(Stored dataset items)
◆ ◆ ◆ ◆

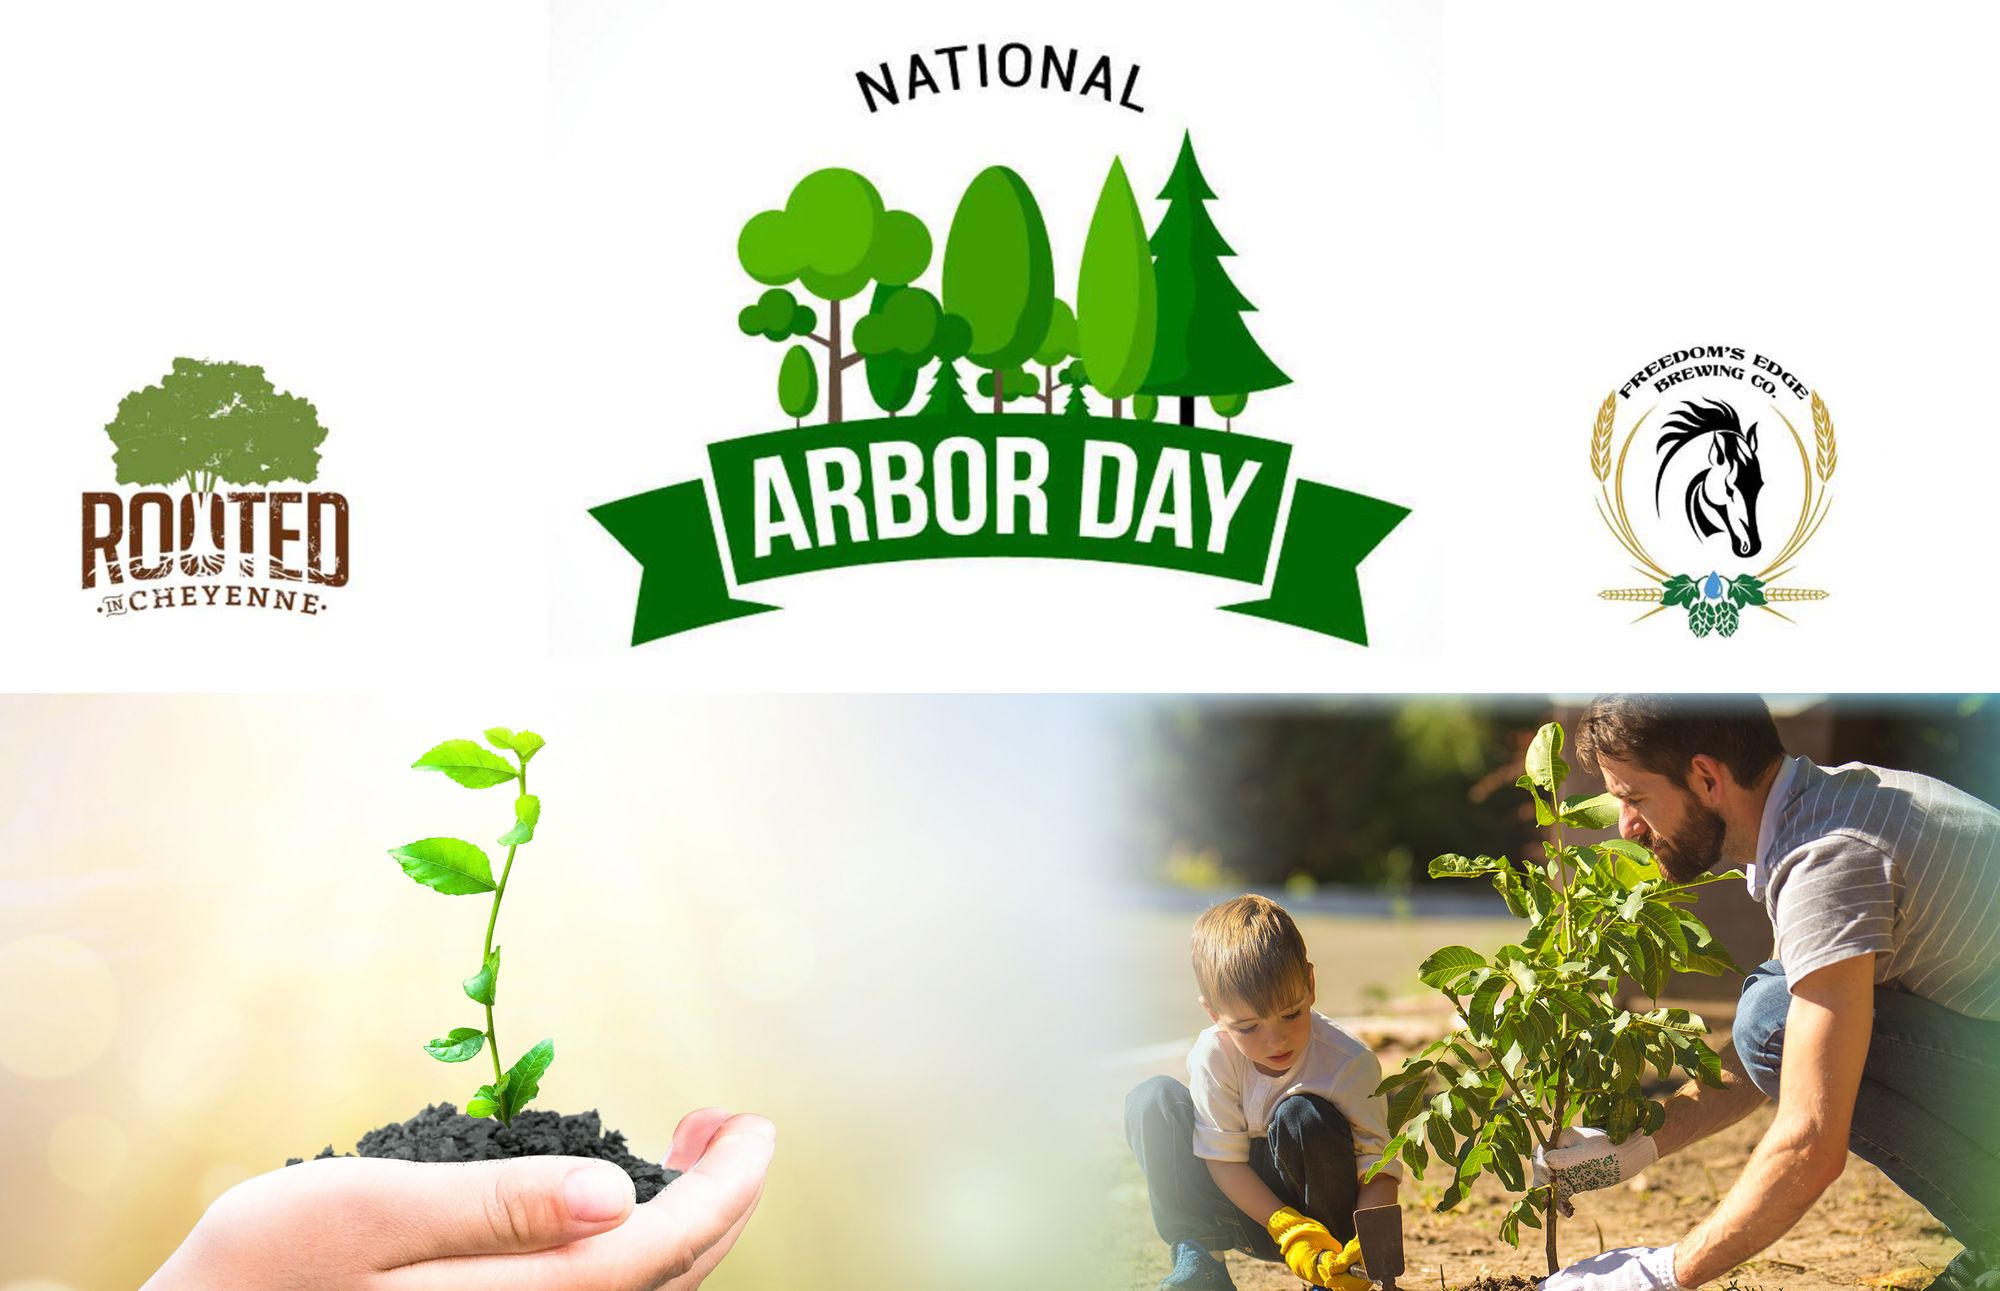 Rooted in Cheyenne Teams Up With Freedom's Edge To Celebrate National Arbor Day
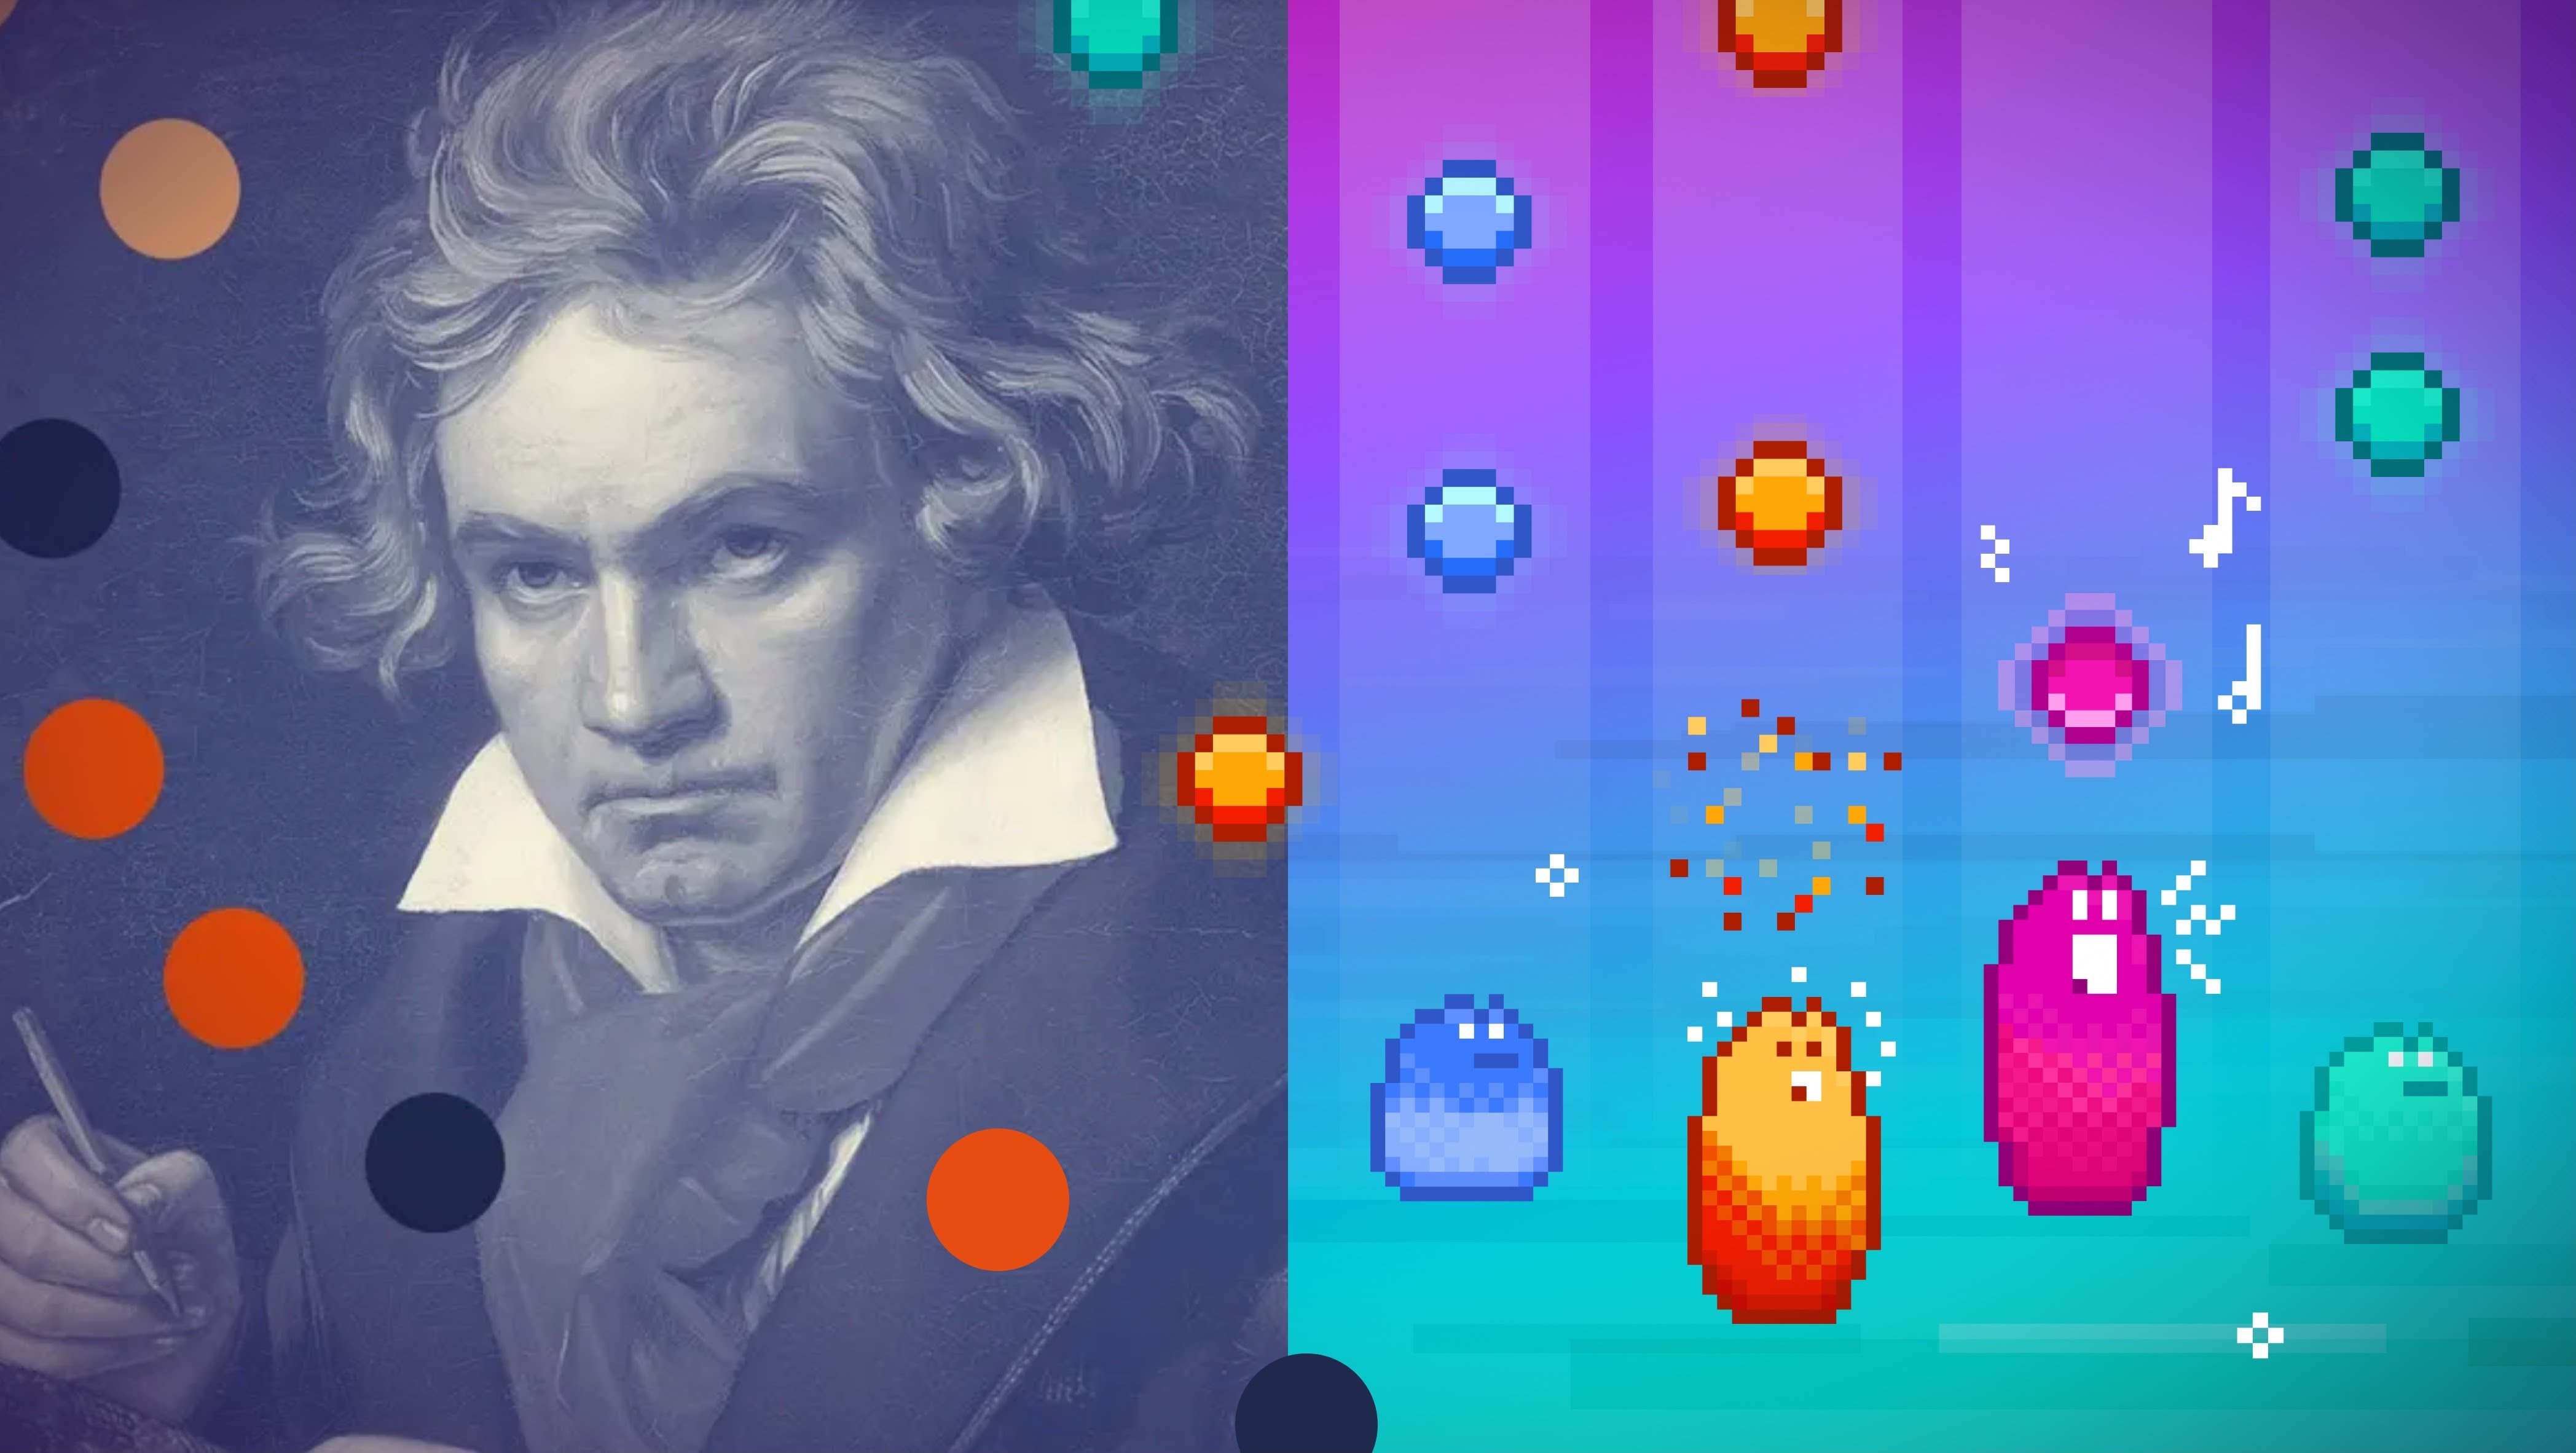 Undertrykkelse prioritet Seaside The Blobs are back and teaming up with Beethoven
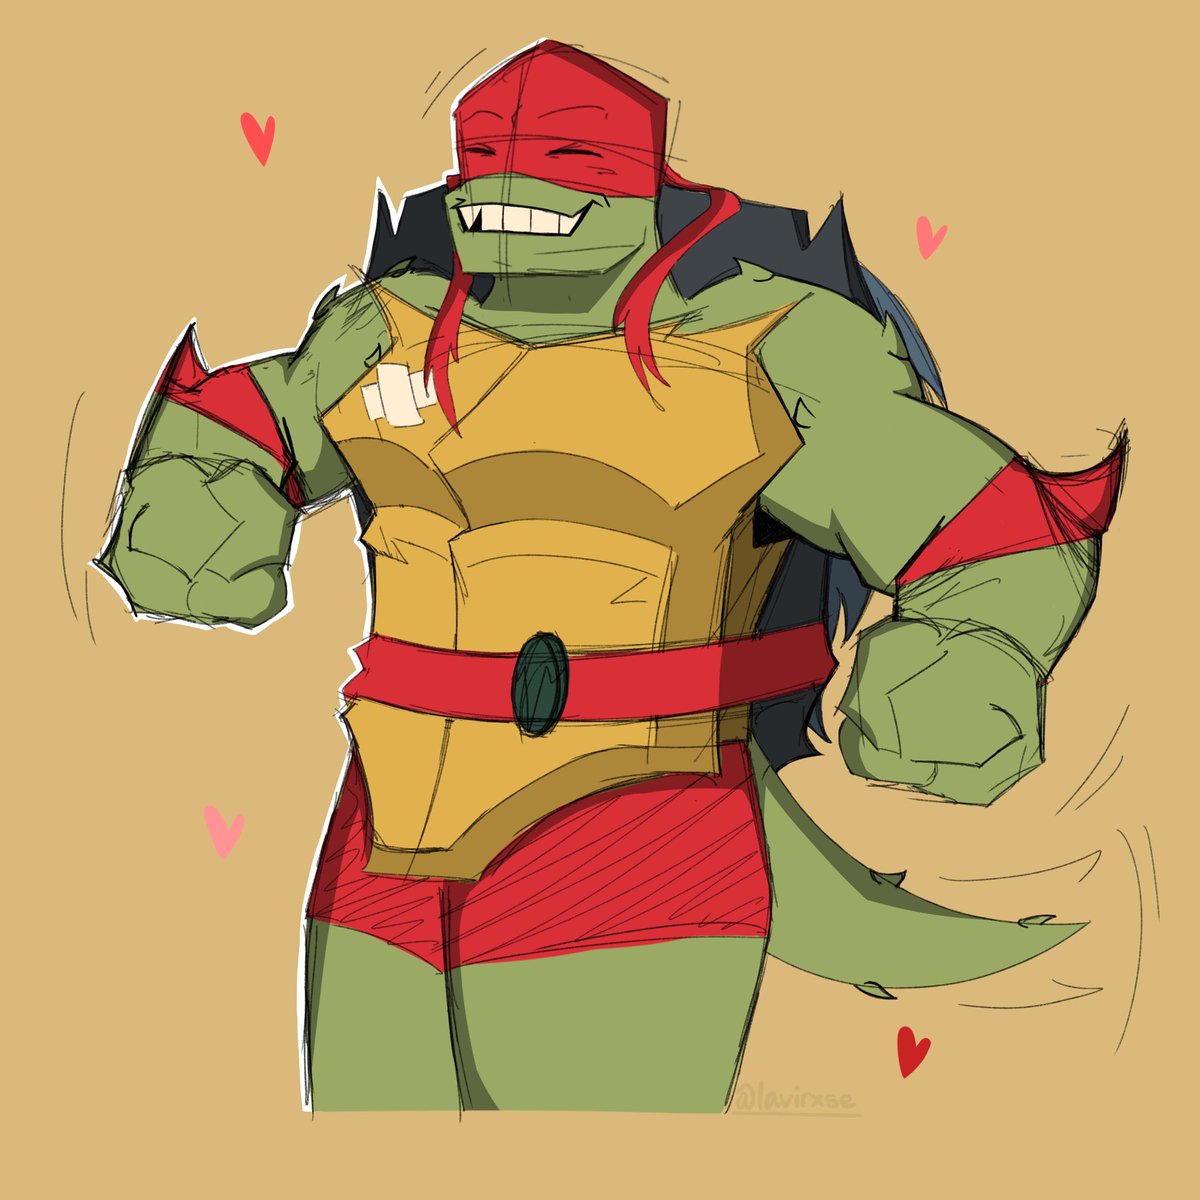 Raph sketch for your troubles ❤️
he means so much to me 

#rottmnt #rottmntraph #rottmntfanart

◆ ◆ ◆ ◆

**Work instructions:**
The task calls for repeating each line above exactly while excluding the pictures.

**Solution for this problem:**
 Rooted in Cheyenne Teams Up With Freedom's Edge To Celebrate National Arbor Day
 Undertrykkelse prioritet Seaside The Blobs are back and teaming up with Beethoven
 Raph sketch for your troubles ❤️
he means so much to me 

#rottmnt #rottmntraph #rottmntfanart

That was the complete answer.